We look at the Court of Appeal’s decision on Chesterton Global Limited v Nurmohamed.

The Public Interest Disclosure Act 1996, grants protection to a whistle-blower if he or she has a reasonable belief that the disclosure of the information is ‘the public interest’. 

The Act doesn’t define the meaning of ‘public interest’, and the COA has provided some welcome guidance on this point in this case. 

The claimant was a Director of Chesterton’s Mayfair office, and made an alleged protected disclosure, stating that he believed Chesterton was deliberately misstating £2-3 million of actual costs and liabilities through the entire office and department network. This affected the earnings of 100 senior managers, including his own. He also alleged that the new regime manipulated Chesterton’s performance figures to increase perceived profitability to the shareholders.

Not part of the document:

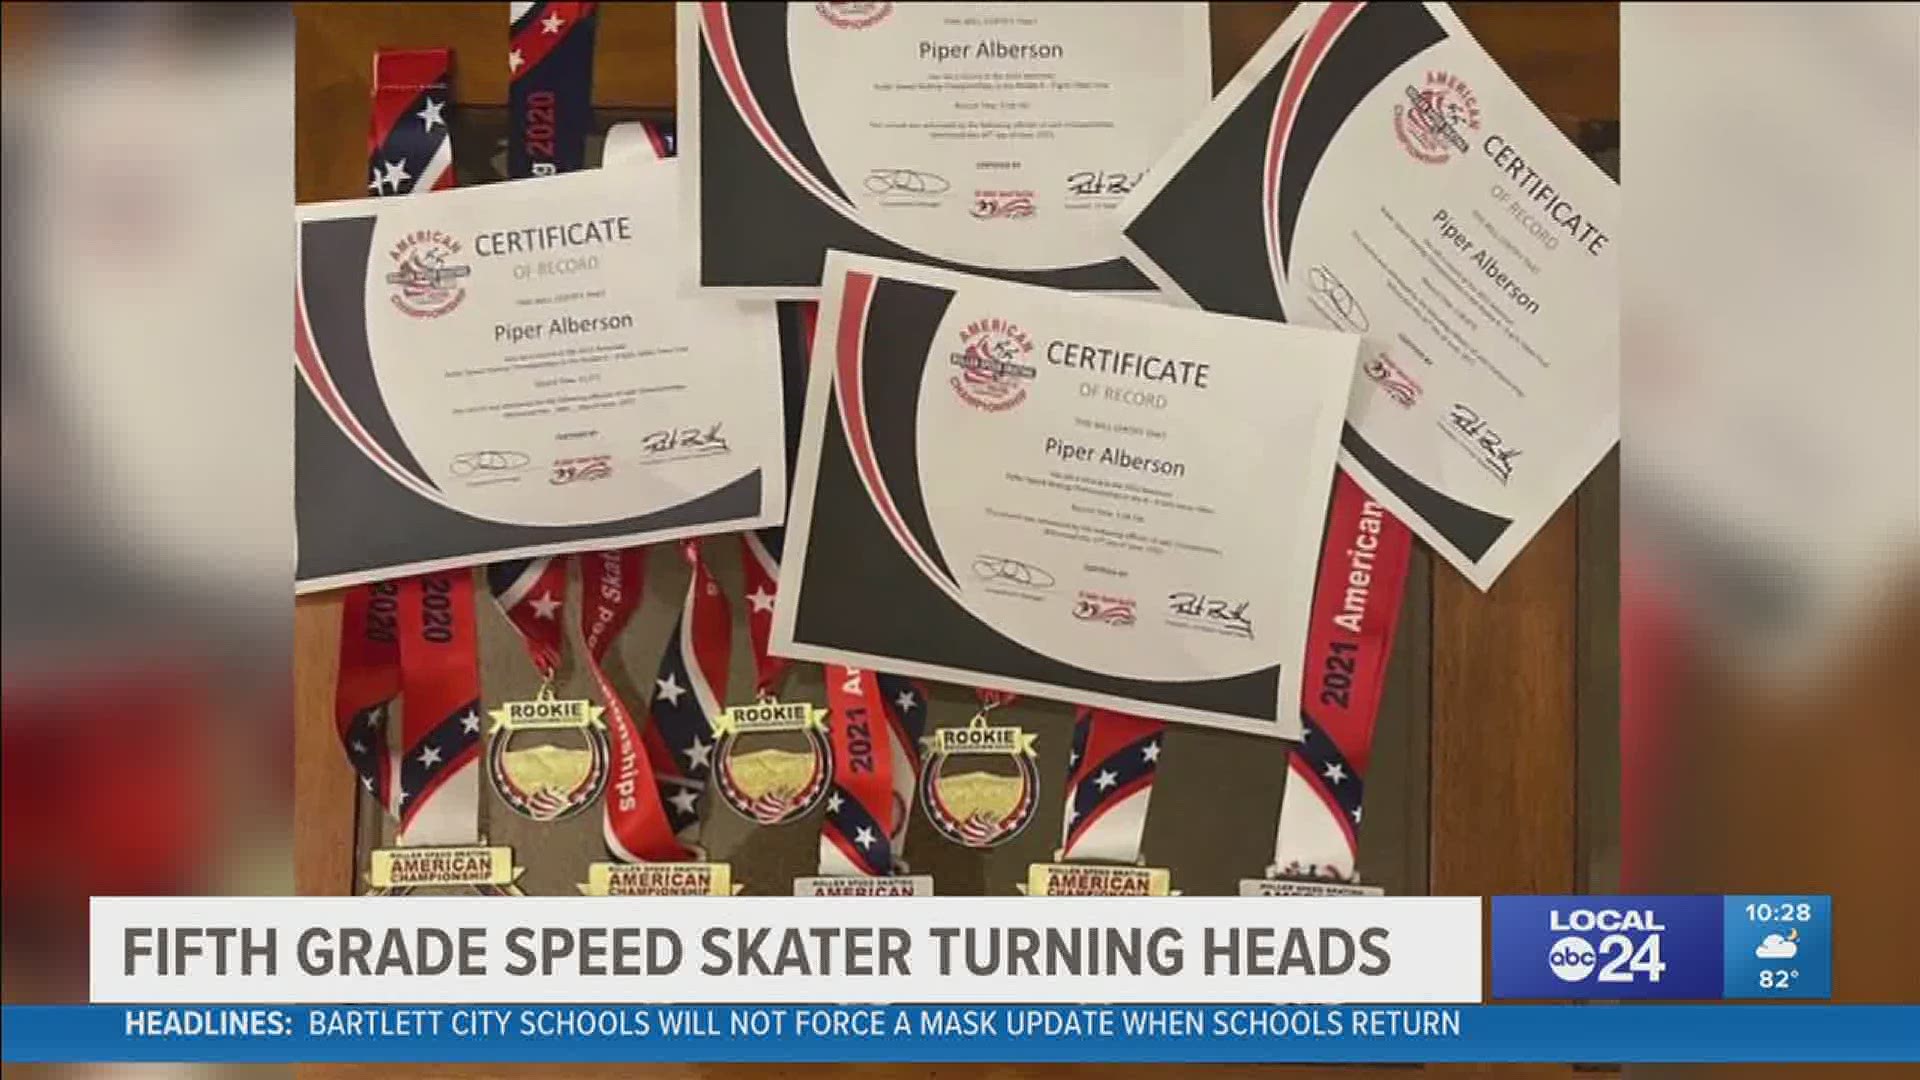 Piper Alberson is only in the fifth grade and already being recognized nationally after emerging as a gold and silver medalist in her rookie speed skating season.

The disclosure, therefore, served the claimant’s personal interest (which was the main reason why he made the disclosure), as well as the interests of 99 of his colleagues. It also served the interests of the shareholders, as he believed the new regime would encourage a belief that Chesterton had increased profitability.

One of the issues for the COA to determine was whether, in the circumstances, the claimant’s disclosure was made ‘in the public interest’.

Judgment

In the COA’s view, a personal disclosure could be interpreted as being in the public interest if it had certain characteristics or features. The COA suggested the following factors could be helpful:

•the number of people that were affected by the disclosure

•the nature of the wrongdoing disclosed

•the type of interest affected

•and the identity of the wrongdoer.

Applying these factors to the claimant’s case, the COA found that the his disclosure was in ‘the public interest’, and was, therefore, a protected disclosure. In this instance, there were a significant amount of people that were affected by the wrong doing - it was deliberate, and the company was a substantial and well known business.

The decision provides some helpful clarification on the factors to be taken into account when determining whether a disclosure is in the public interest. The threshold is relatively low – whistleblowers do not need to show that they considered the ‘public interest’ when the disclosure was made. Nor does the ‘public interest’ element have to be the main reason why the disclosure was made. The courts are, however, unlikely to find that a disclosure was in the public interest if none of the other factors referred to by the COA are present. 

Employers are likely to find it difficult to argue that a disclosure is not in ‘the public interest’ if the disclosure affects a number of people, the type of wrong-doing is serious, or the wrong-doer is a well-known prominent entity or person.